___ DATASET EXCERPT ___

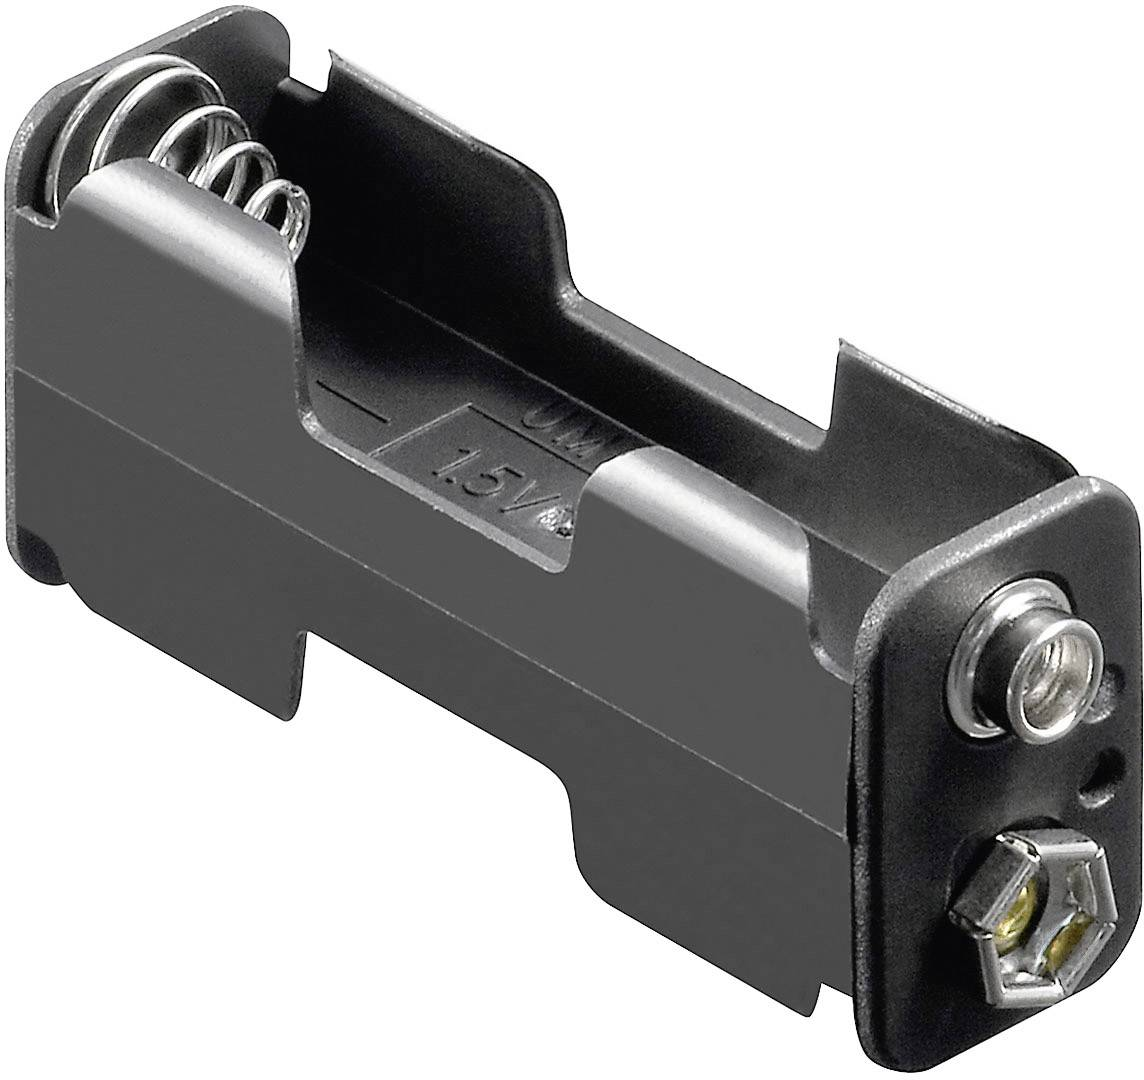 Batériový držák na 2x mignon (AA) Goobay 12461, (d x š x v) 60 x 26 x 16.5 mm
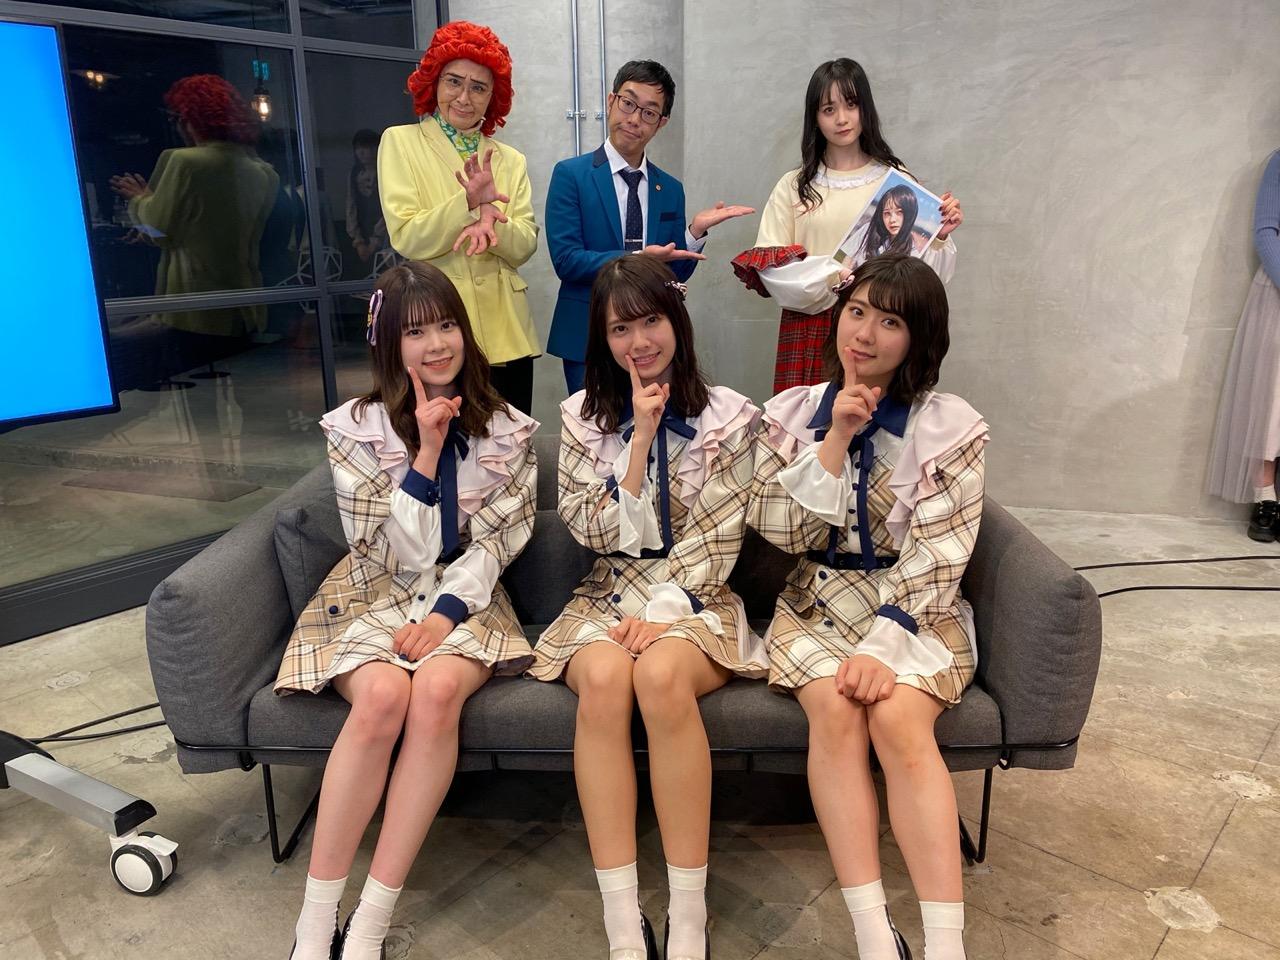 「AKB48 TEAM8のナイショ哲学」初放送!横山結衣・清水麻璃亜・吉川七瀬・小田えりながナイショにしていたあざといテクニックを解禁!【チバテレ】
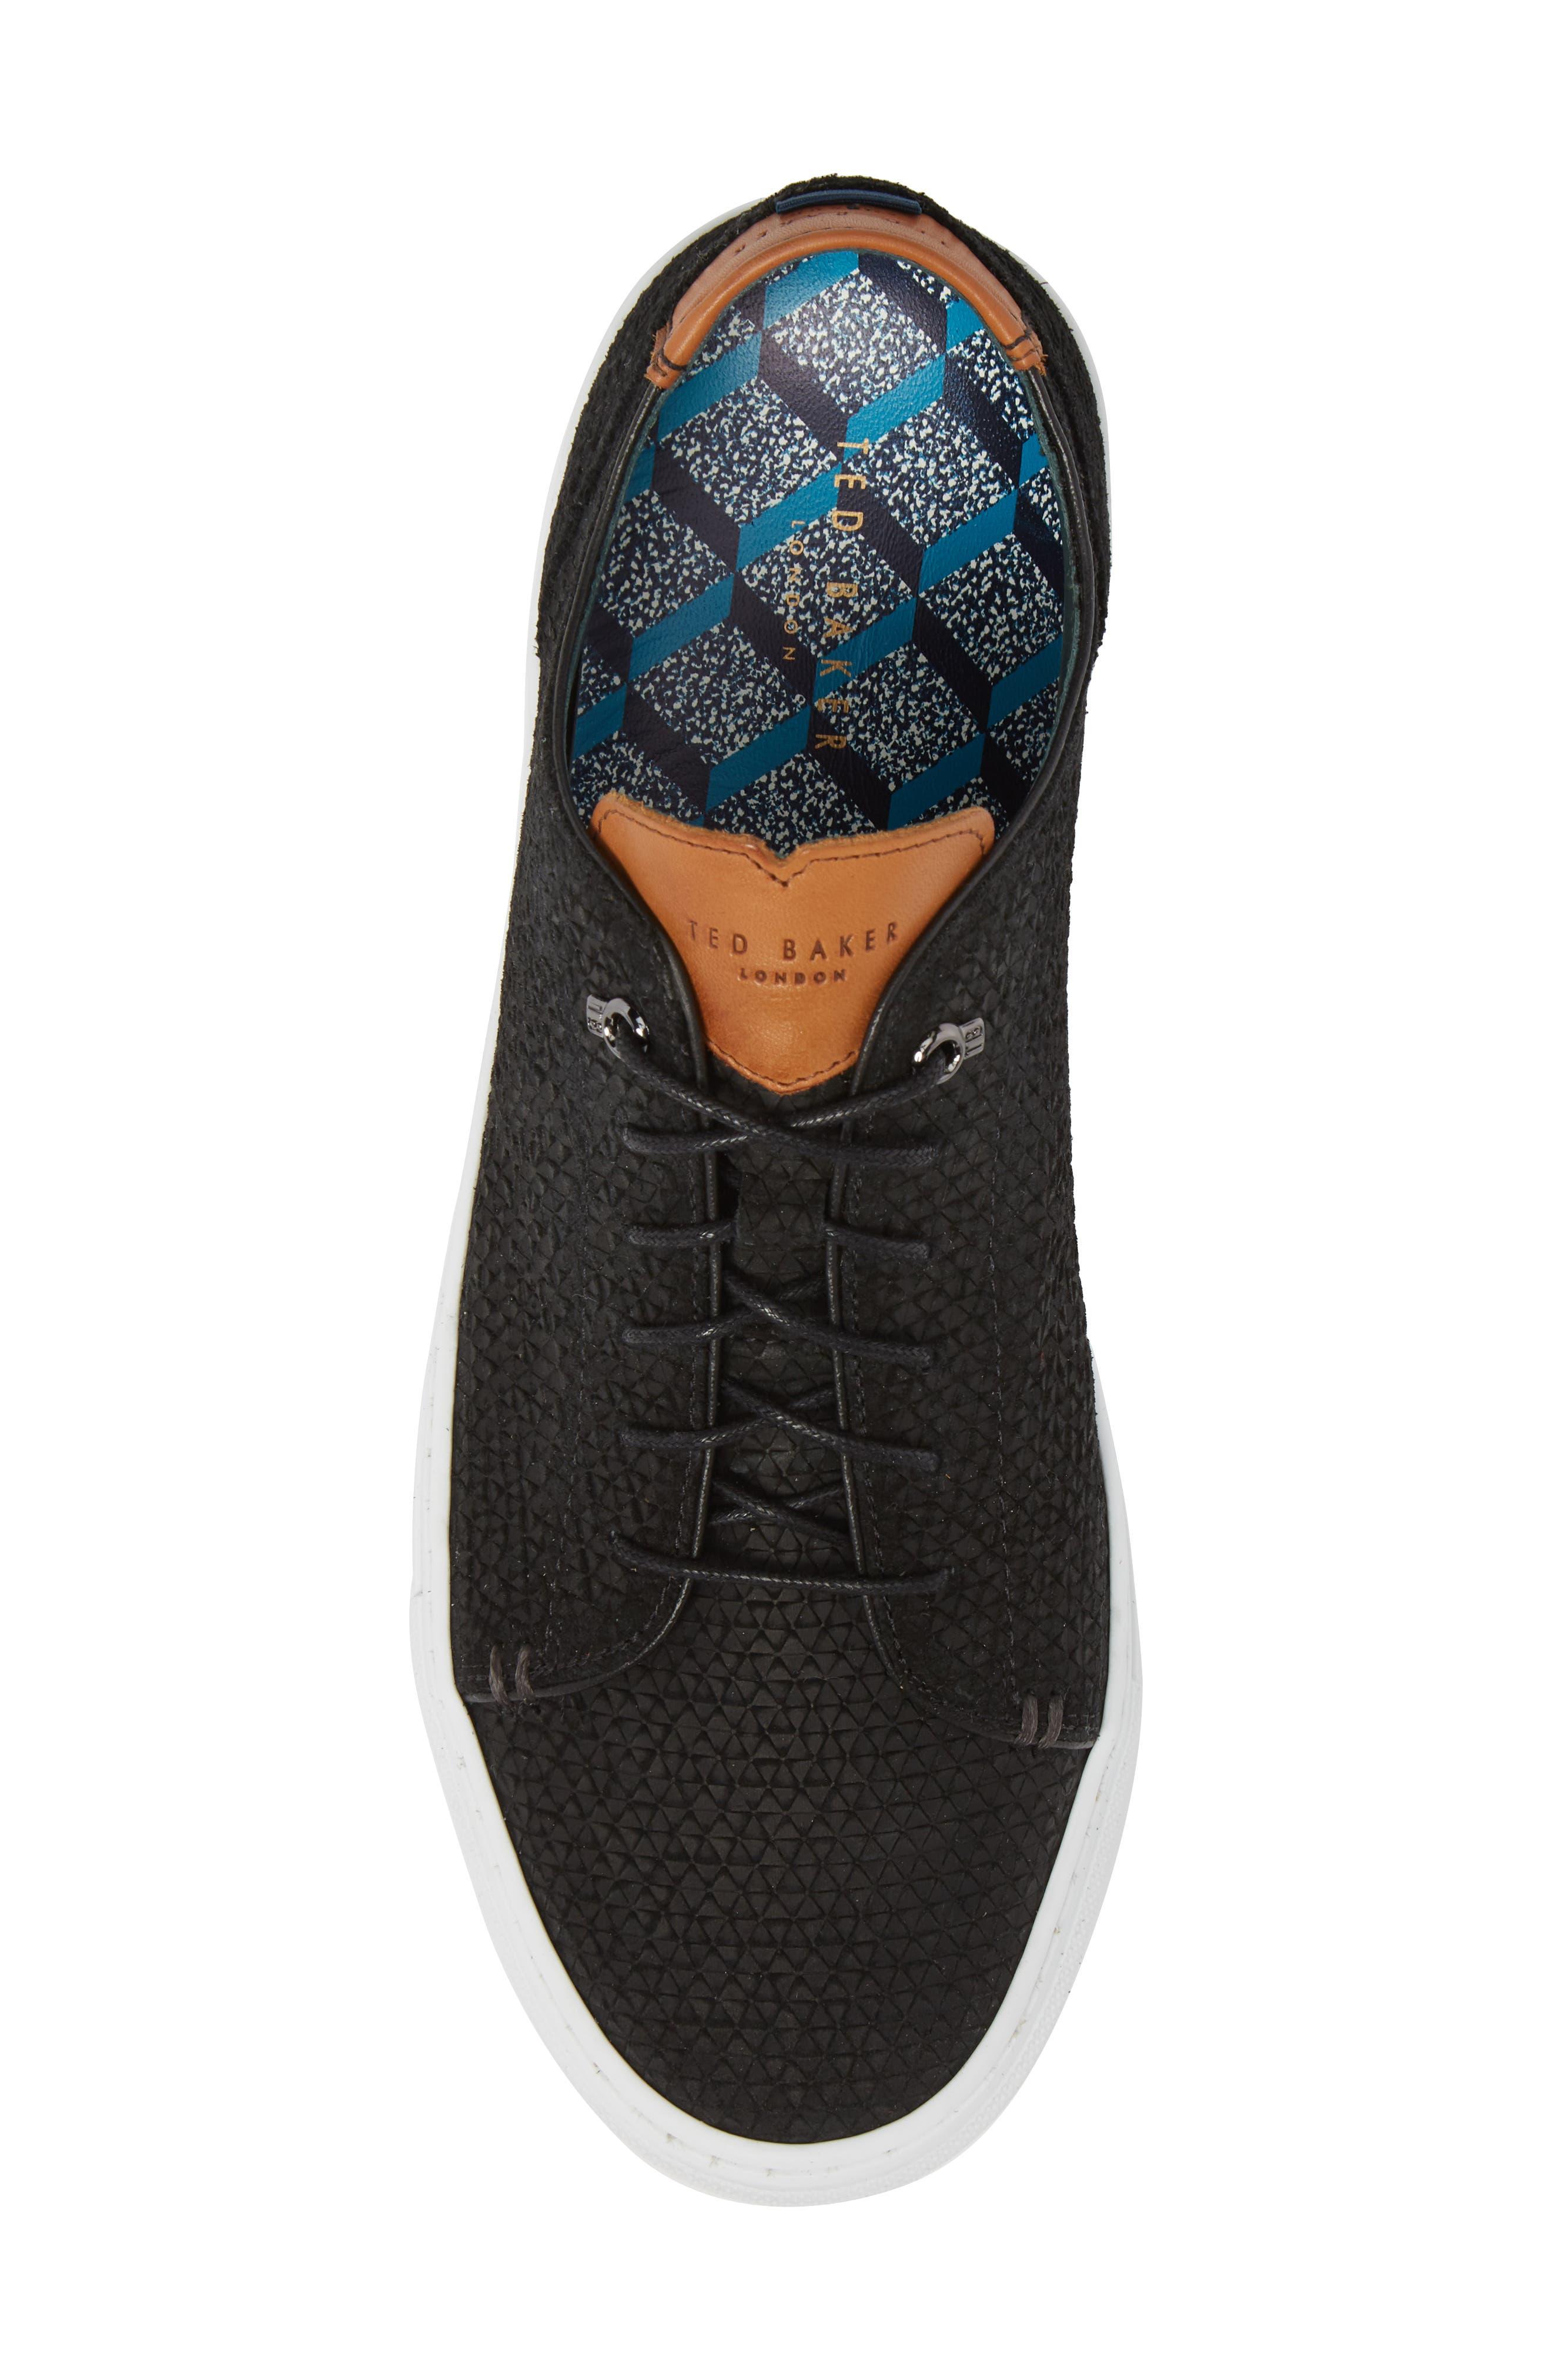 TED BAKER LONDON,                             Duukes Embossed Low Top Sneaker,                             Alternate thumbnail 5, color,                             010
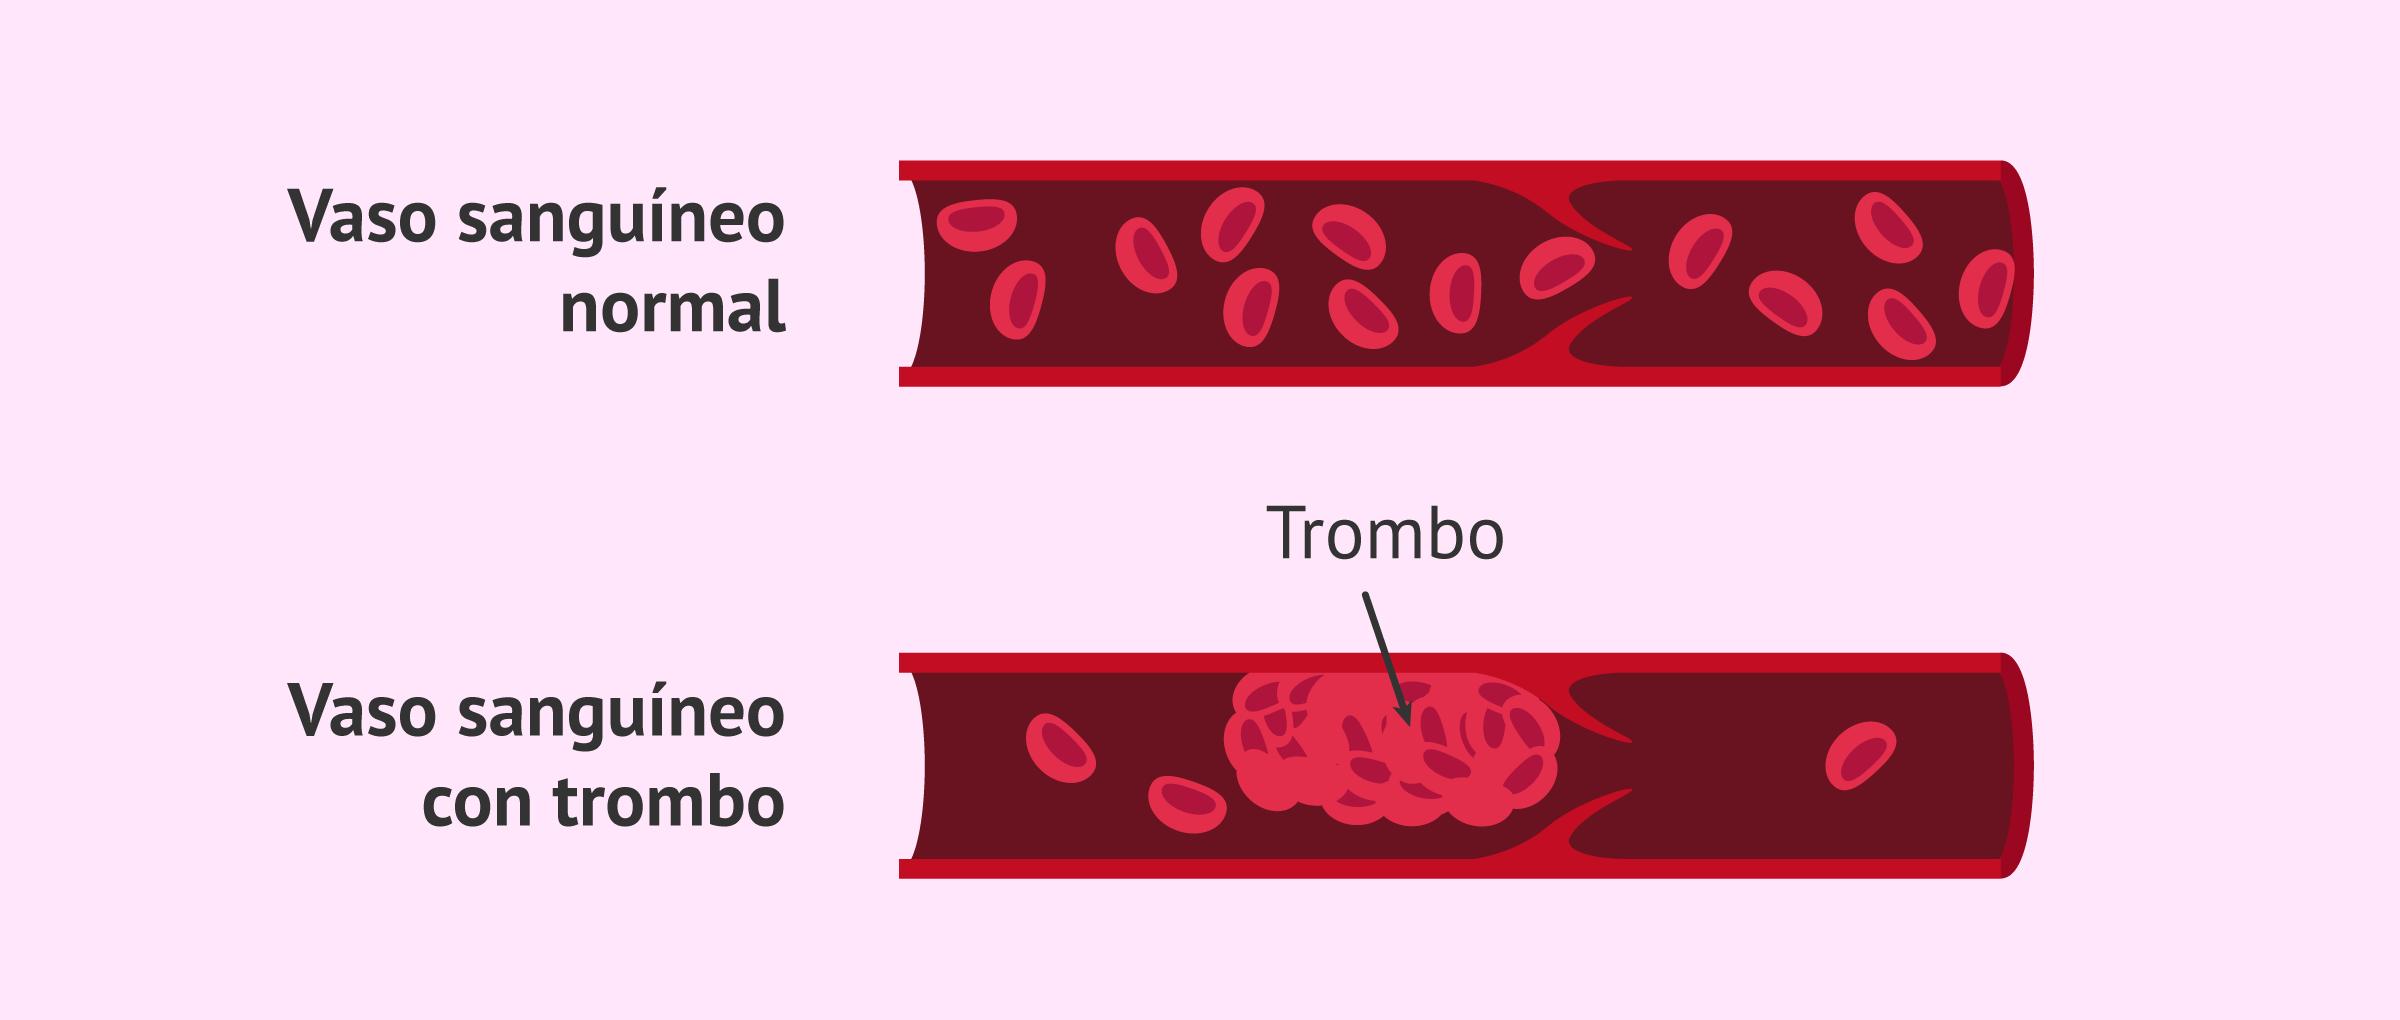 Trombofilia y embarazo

___

§ **YOUR OBJECTIVE**
The entire listing above, minus its pictures, should be copied out exactly.

§ **SOLUTION TO THE EXERCISE**
 Batériový držák na 2x mignon (AA) Goobay 12461, (d x š x v) 60 x 26 x 16.5 mm
 「AKB48 TEAM8のナイショ哲学」初放送!横山結衣・清水麻璃亜・吉川七瀬・小田えりながナイショにしていたあざといテクニックを解禁!【チバテレ】
 TED BAKER LONDON,                             Duukes Embossed Low Top Sneaker,                             Alternate thumbnail 5, color,                             010
 Trombofilia y embarazo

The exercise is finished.